O Ministério da Ciência e Tecnologia anunciou na terça-feira que a China aprovou os testes clínicos de três protótipos de vacinas contra a COVID-19.
Uma vacina baseada em vetores de adenovírus, desenvolvida por uma equipe de pesquisa liderada por Chen Wei, pesquisadora do Instituto de Medicina Militar, foi a primeira a ser aprovada para o teste clínico.
A primeira fase do teste clínico acabou no fim de março e a segunda começou em 12 de abril.
Trata-se da primeira vacina contra a COVID-19 no mundo a entrar na segunda etapa de testes clínicos, de acordo com a Organização Mundial da Saúde.
A informação foi divulgada por Wu Yuanbin, diretor geral de Ciência e Tecnologia para o desenvolvimento social, em uma entrevista coletiva.
A primeira fase do estudo clínico foi concluída no final de março e a segunda fase começou em 12 de abril.
Comparada com a primeira fase, a segunda fase removeu o limite de idade para inscrever voluntários com mais de 60 anos.
Acompanhado por sua filha, Xiong Zhengxing, um homem de 84 anos em Wuhan, foi vacinado na segunda-feira, 13 de abril, tornando-se o voluntário mais velho na segunda fase do ensaio clínico.
Os 108 voluntários que completaram a primeira fase do ensaio clínico em 27 de março encerraram a observação médica centralizada e estão em boas condições.
A segunda fase recrutará 500 voluntários e apresentará o grupo de controle do placebo para avaliar ainda mais a imunogenicidade e a segurança da vacina.
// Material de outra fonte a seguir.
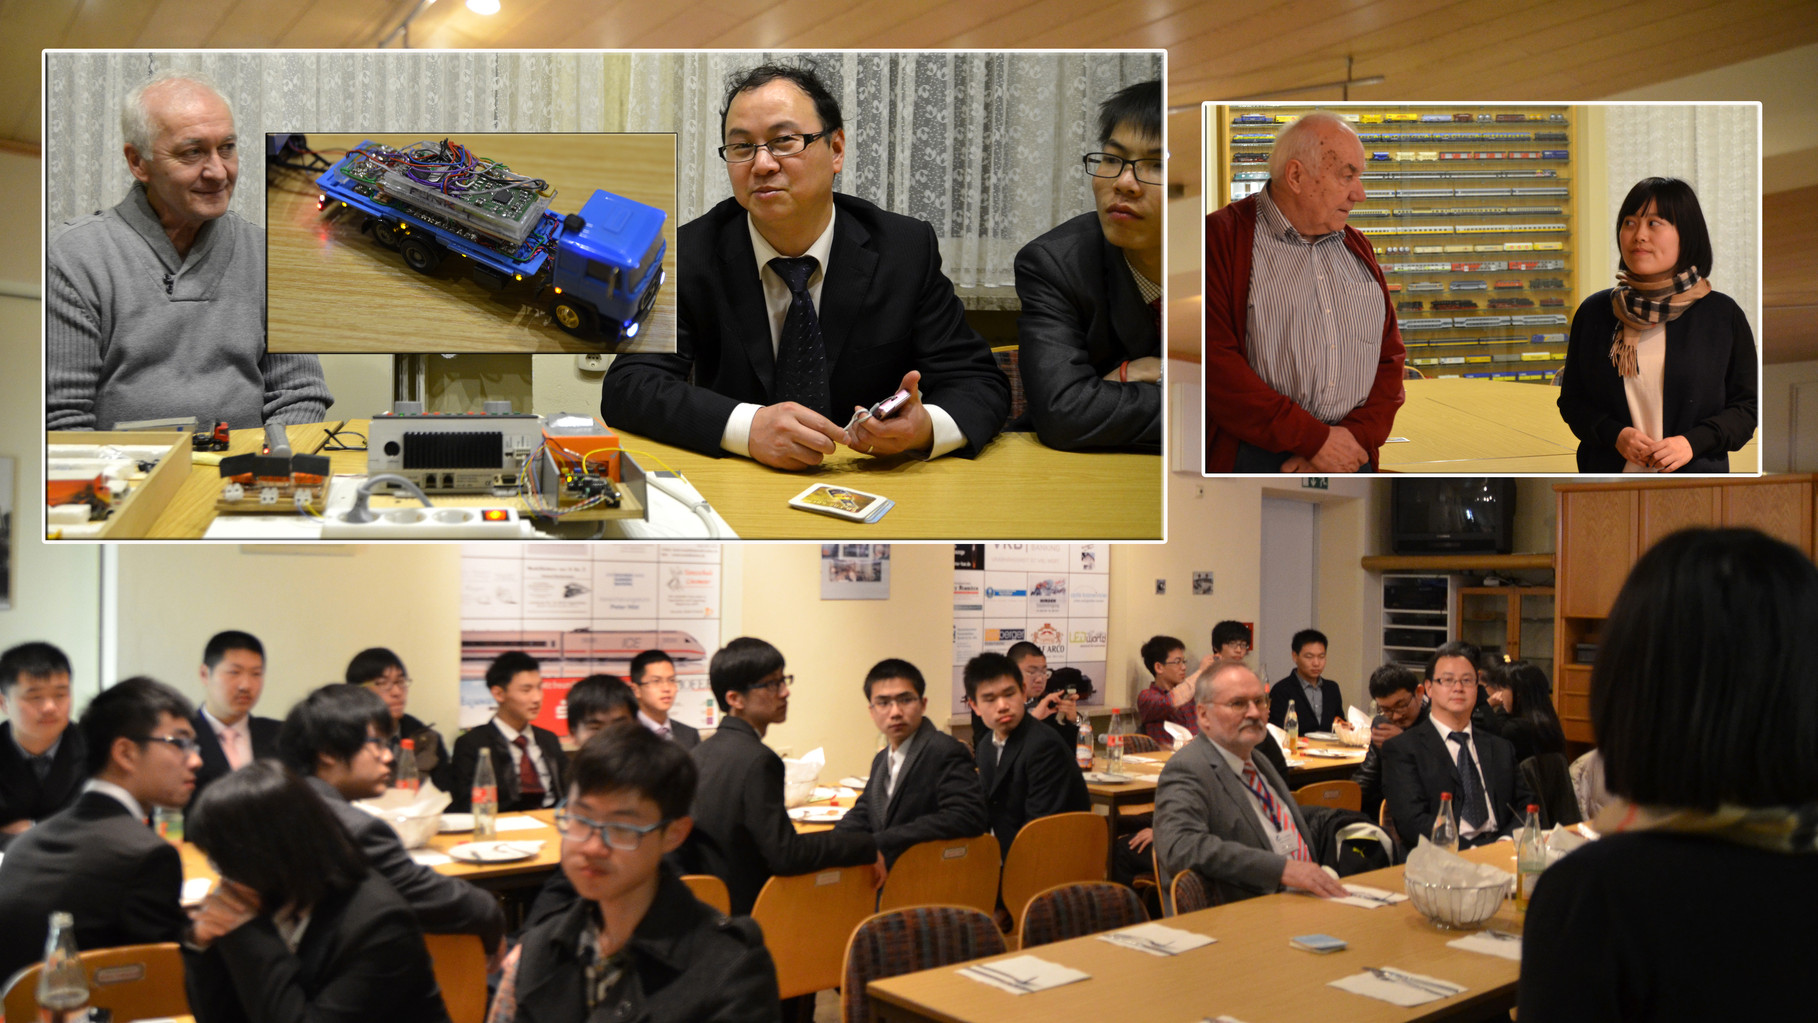 19.02.2014: 36-köpfige Delegation vom BBZ Shanghai besucht den MEC

A partir das 17h em 13 de abril, 273 voluntários já foram vacinados.
Segundo a agência estatal Xinhua, as empresas que receberam a autorização foram a Sinovac Biotech, de Pequim, e o Instituto de Produtos Biológicos de Wuhan, vinculado à estatal Sinopharm (China National Pharmaceutical Group).
Nos Estados Unidos, a empresa farmacêutica Moderna também anunciou em março que havia começado os testes com seres humanos em conjunto com o Instituto Nacional de Saúde, órgão estatal do país.
Aparentemente, os órgãos regulatórios estão queimando algumas etapas para que a vacina seja testada e disponibilizada o mais rápido possível, diante do tamanho da crise global que o vírus está causando.
“Normalmente, com vacinas você começa com animais pequenos, depois testa em outros primatas para só então começar a testá-la em humanos. Parece que eles decidiram avançar direto para os humanos”, explicou John Nicholls, professor de Patologias na Universidade de Hong Kong em entrevista à Al Jazeera.